DATA:
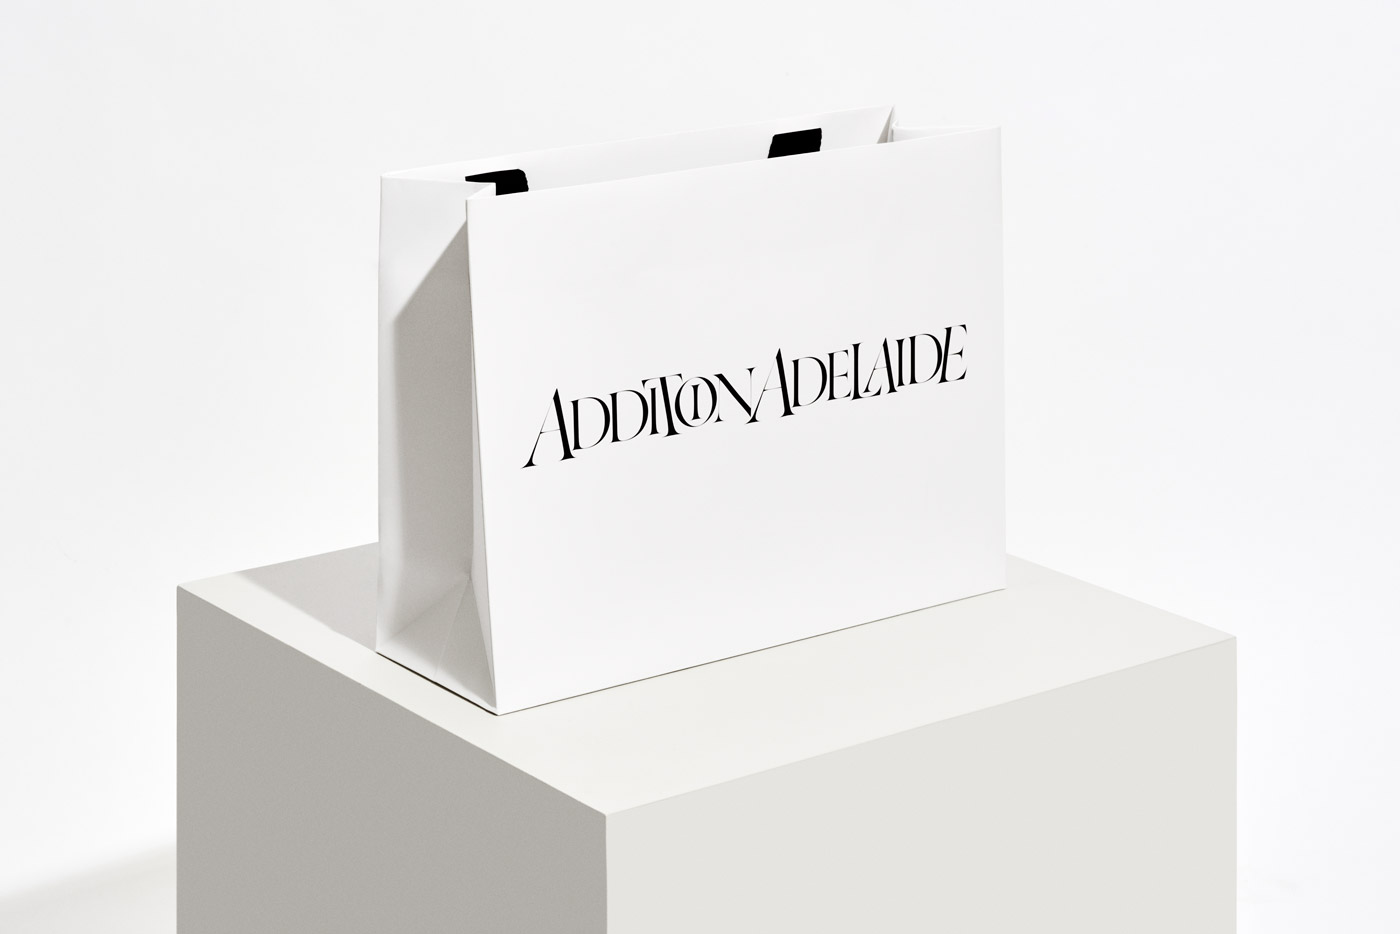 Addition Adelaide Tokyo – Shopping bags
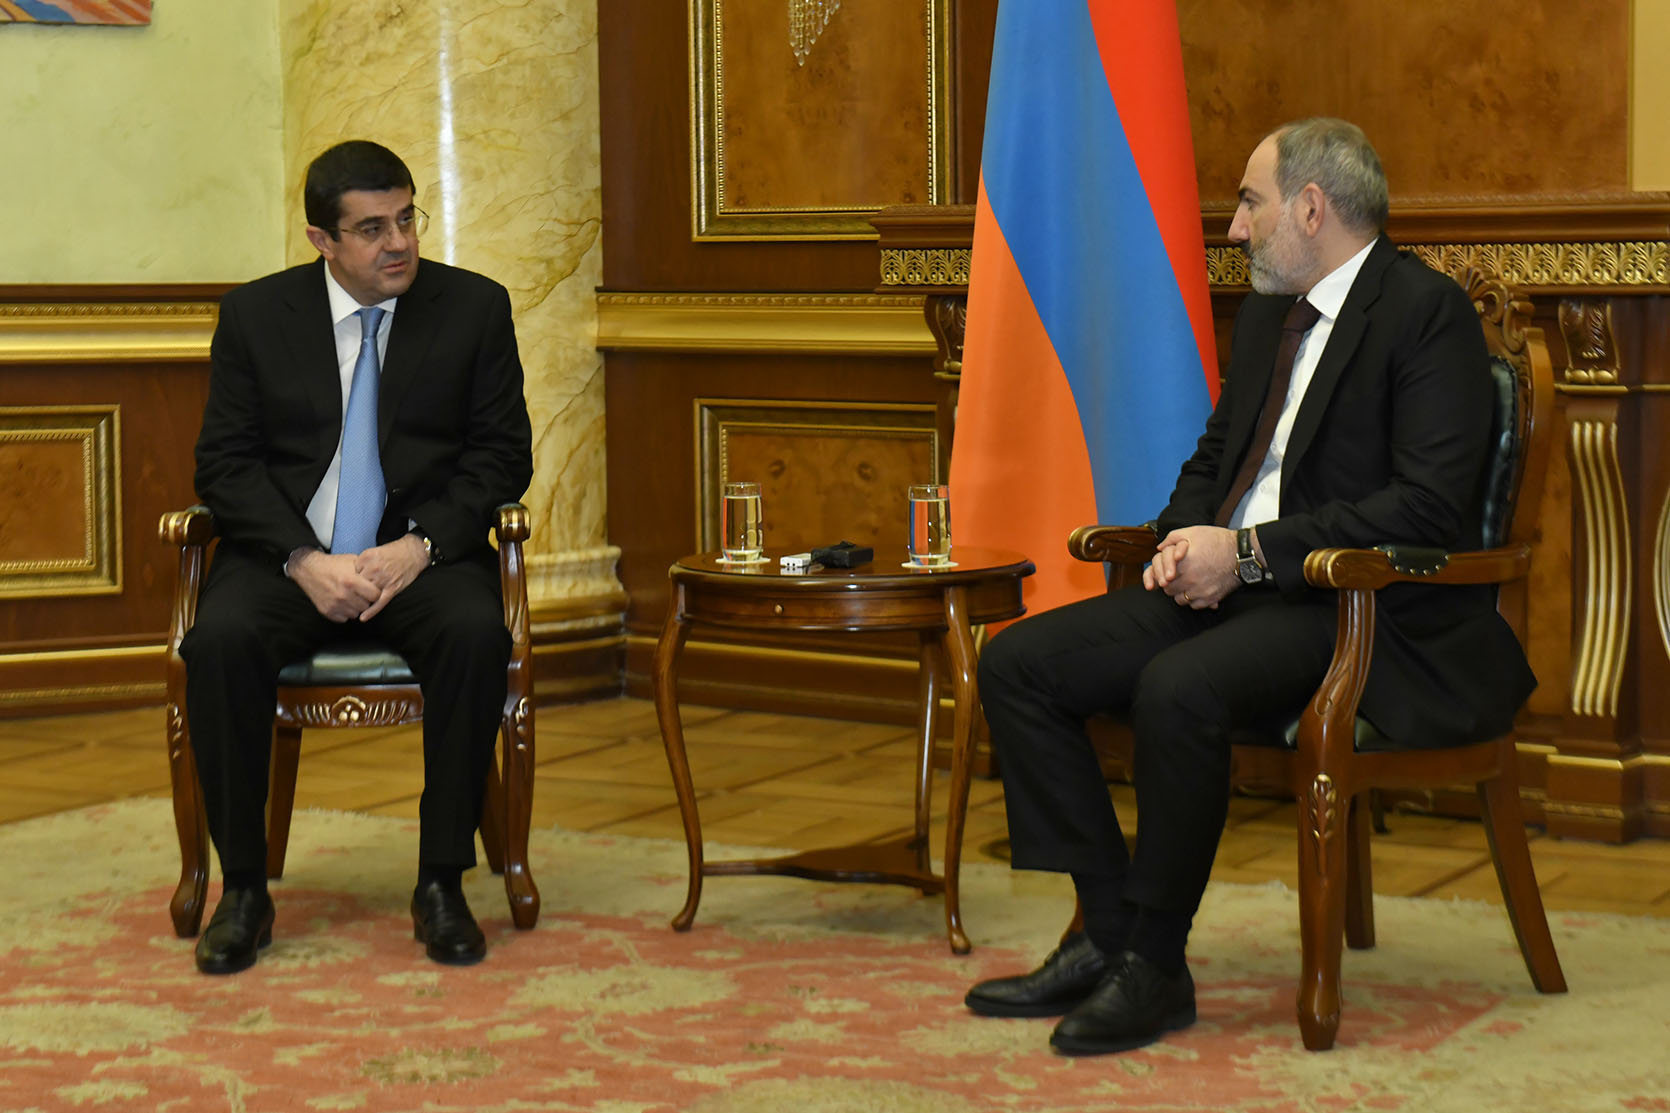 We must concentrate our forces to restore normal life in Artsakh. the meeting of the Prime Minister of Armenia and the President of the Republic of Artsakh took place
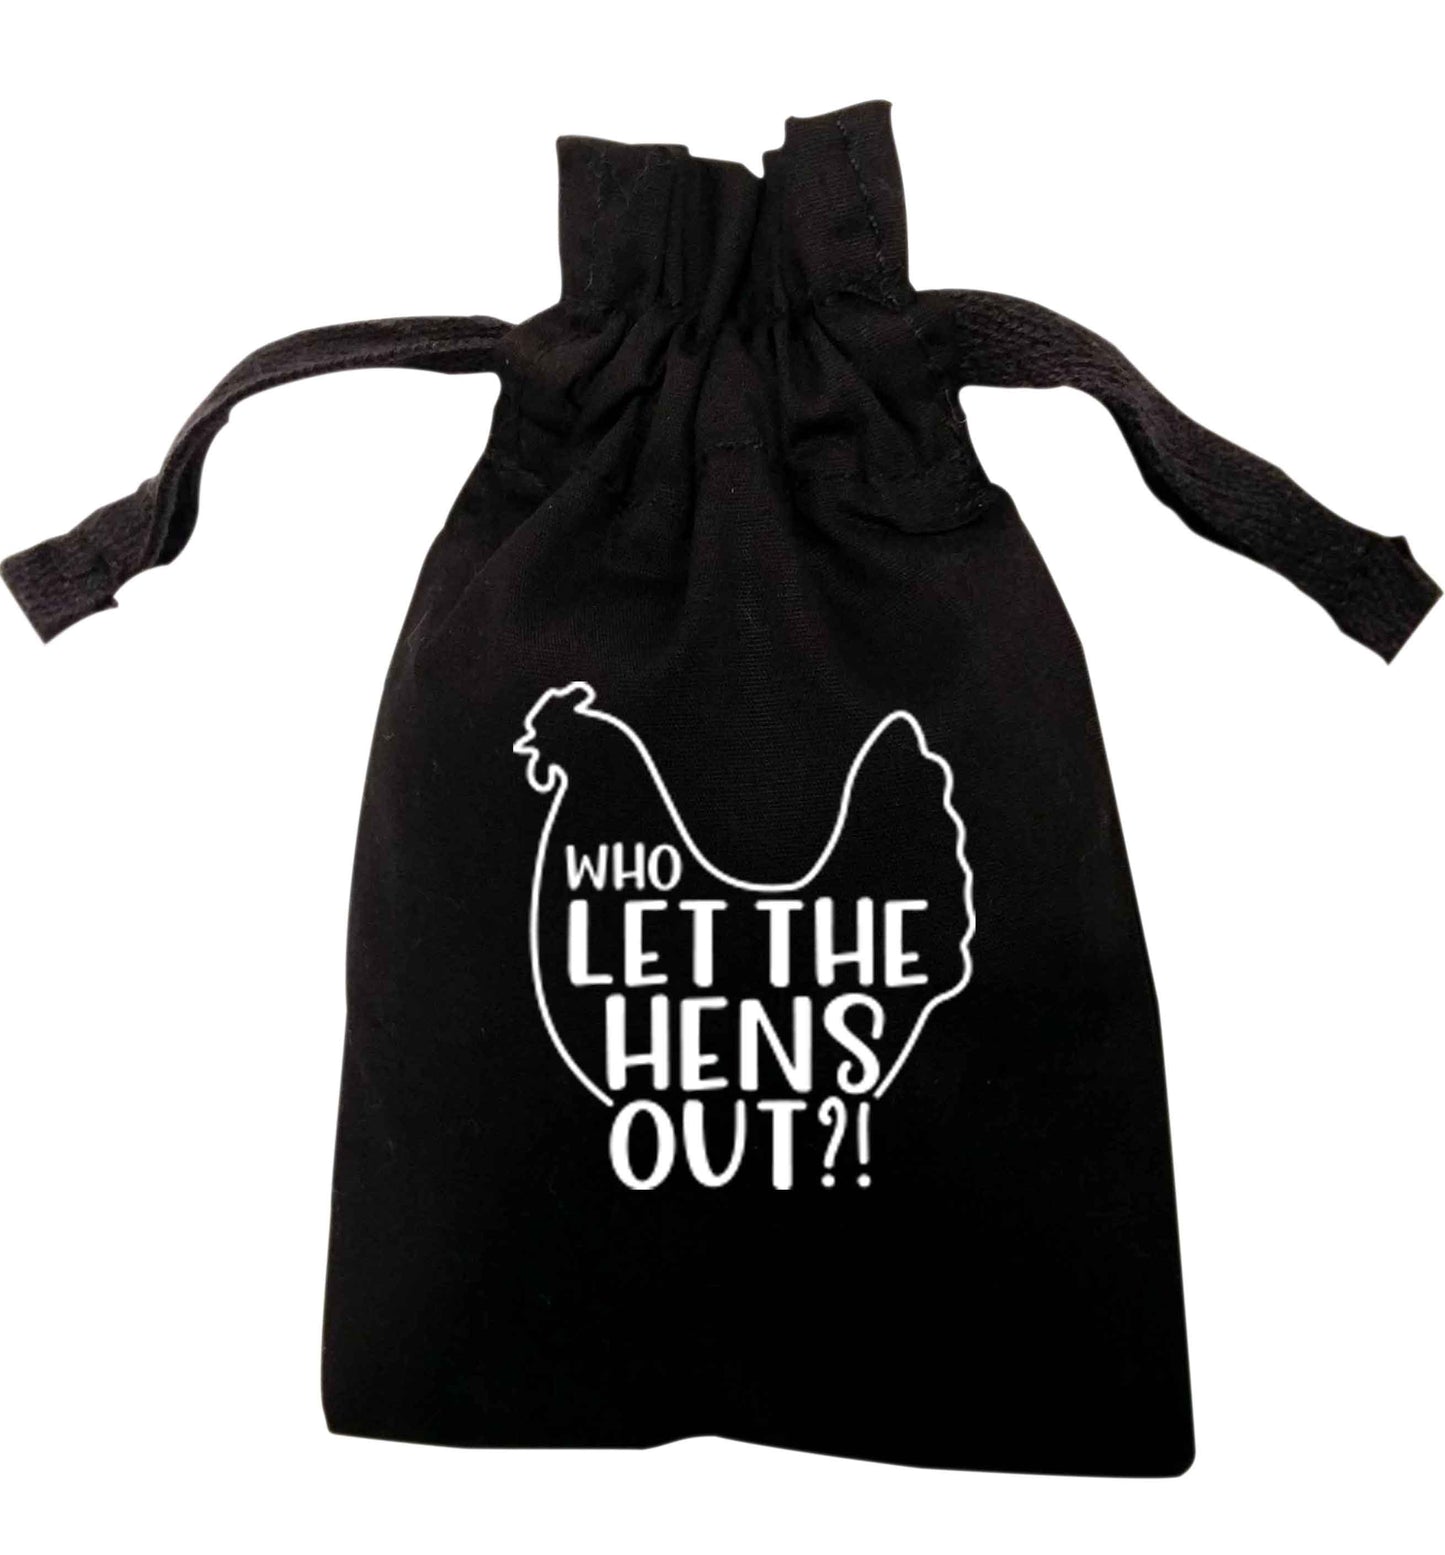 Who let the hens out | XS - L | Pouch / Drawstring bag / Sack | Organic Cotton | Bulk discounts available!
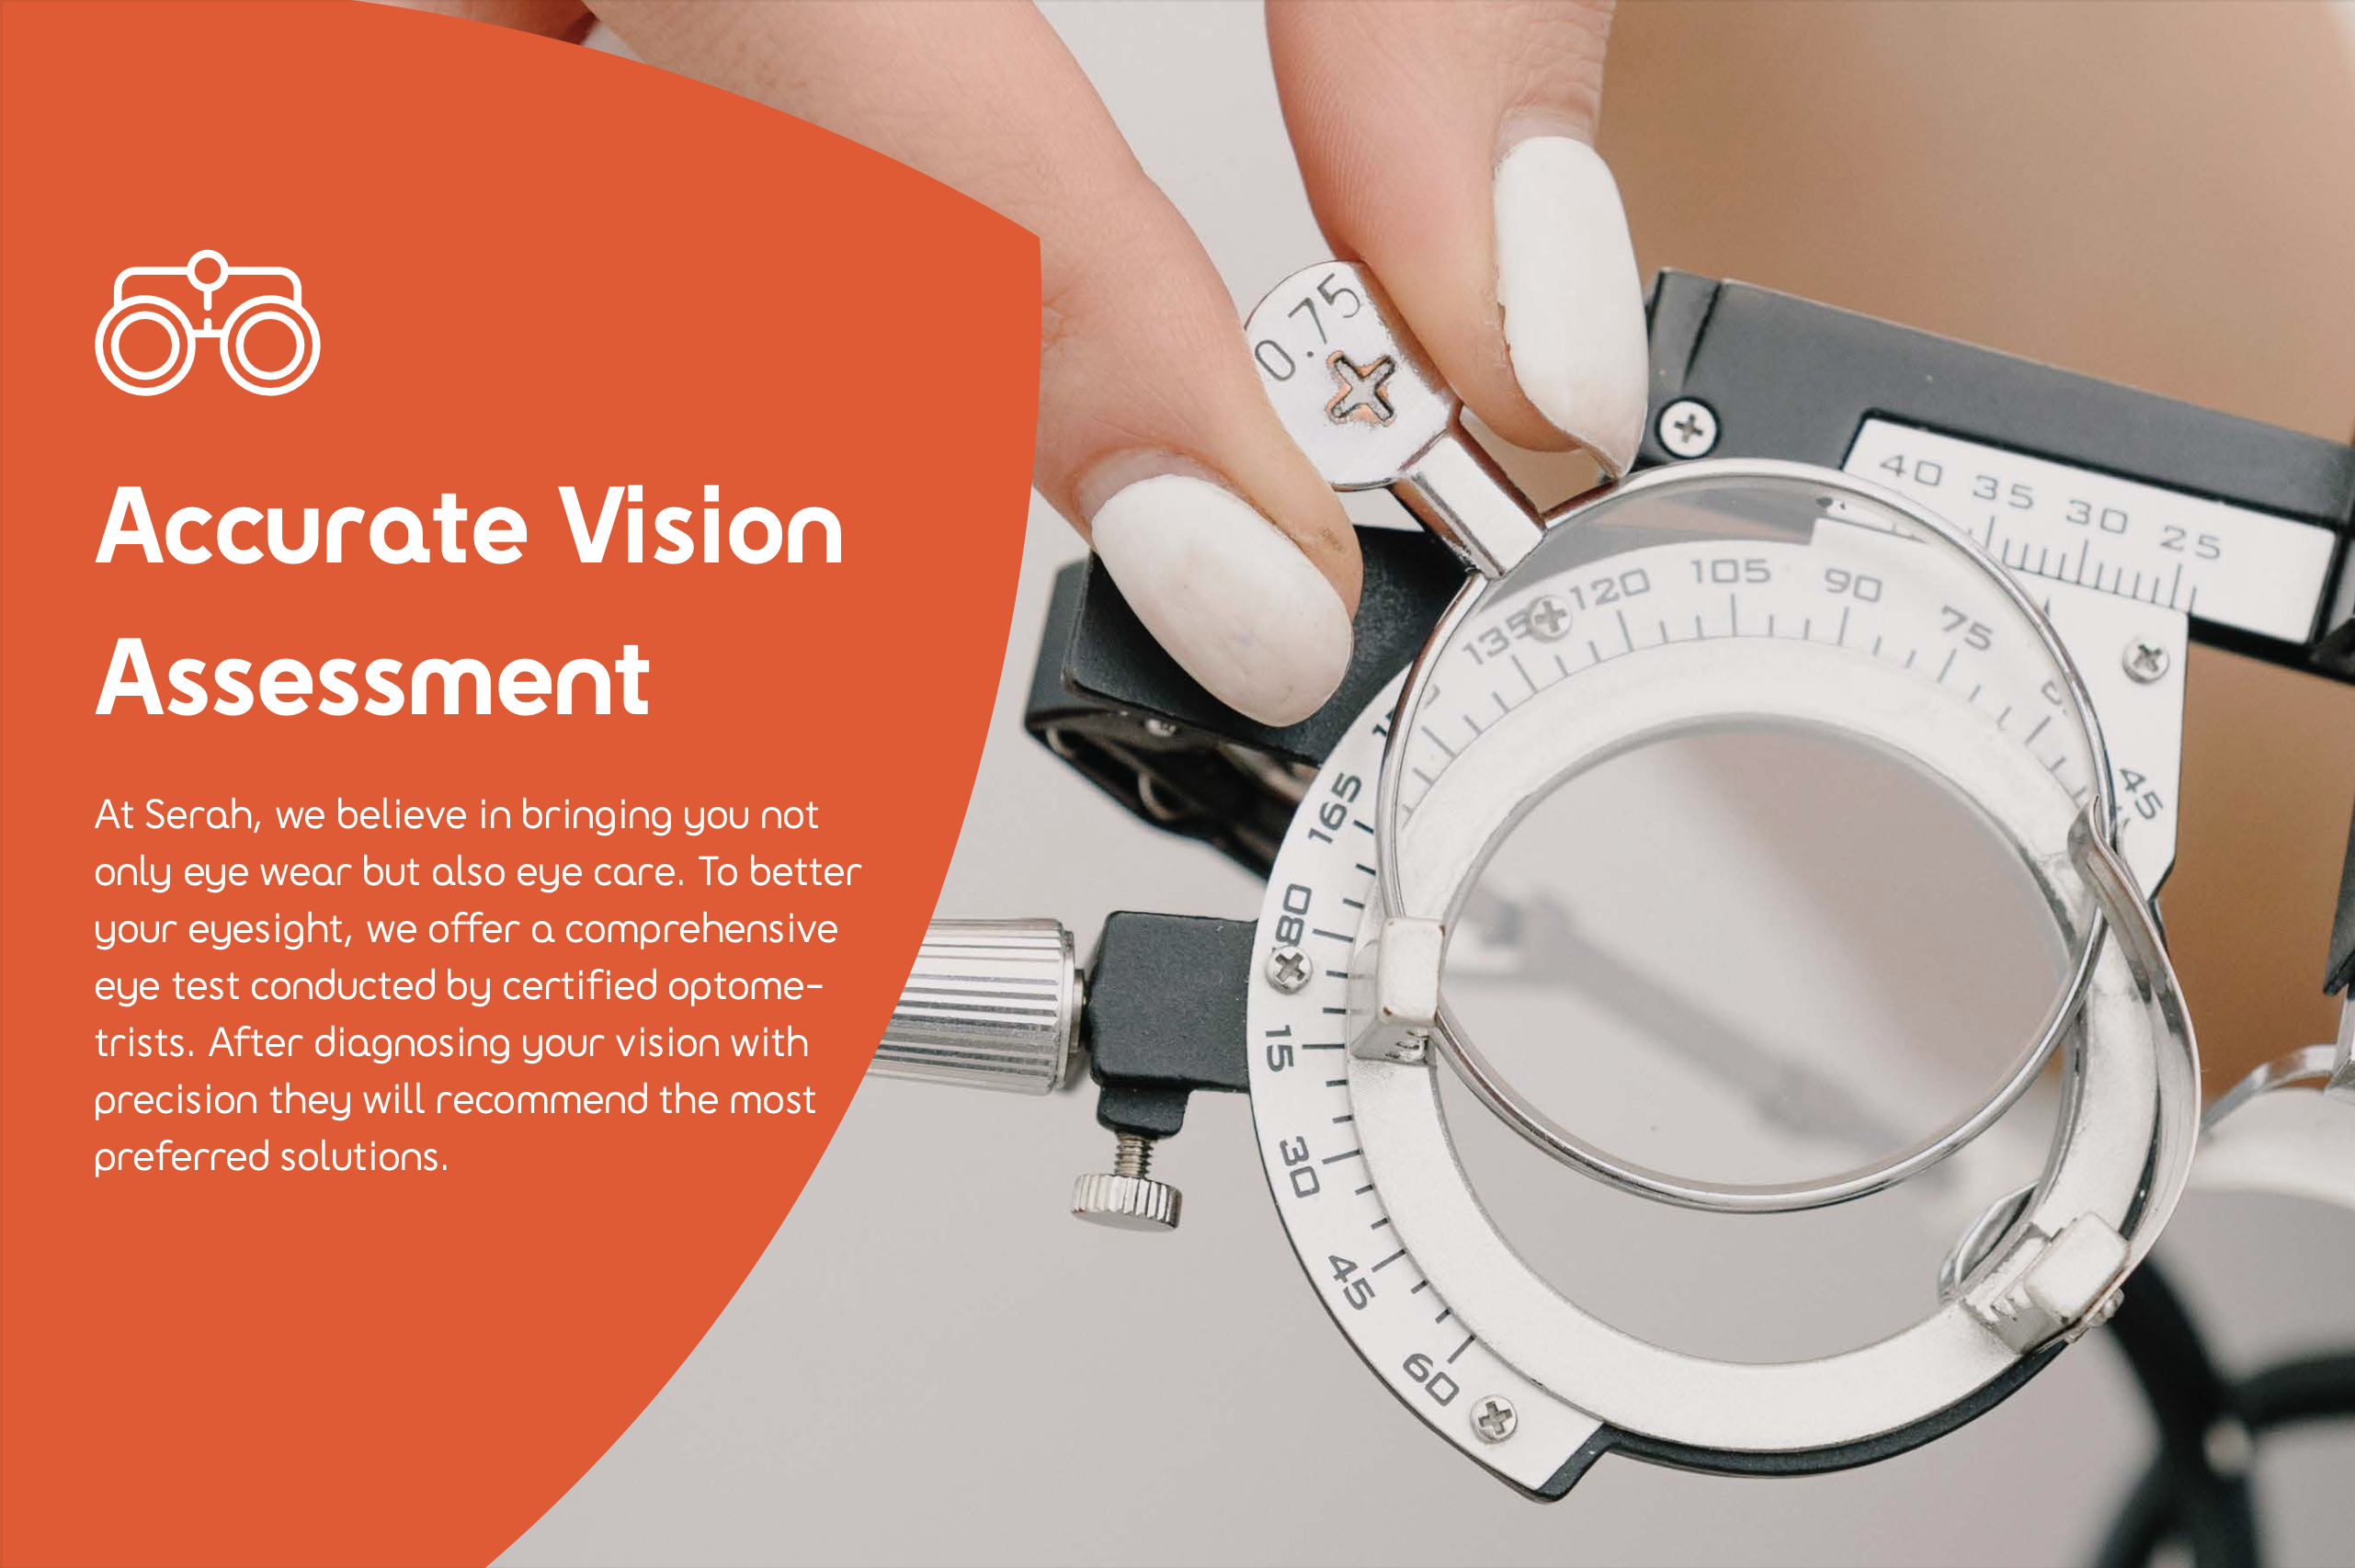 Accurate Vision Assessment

PROBLEM: Text only, please: give the listing again word for word with no images.

SOLUTION BELOW:
 Addition Adelaide Tokyo – Shopping bags
 We must concentrate our forces to restore normal life in Artsakh. the meeting of the Prime Minister of Armenia and the President of the Republic of Artsakh took place
 Who let the hens out | XS - L | Pouch / Drawstring bag / Sack | Organic Cotton | Bulk discounts available!
 Accurate Vision Assessment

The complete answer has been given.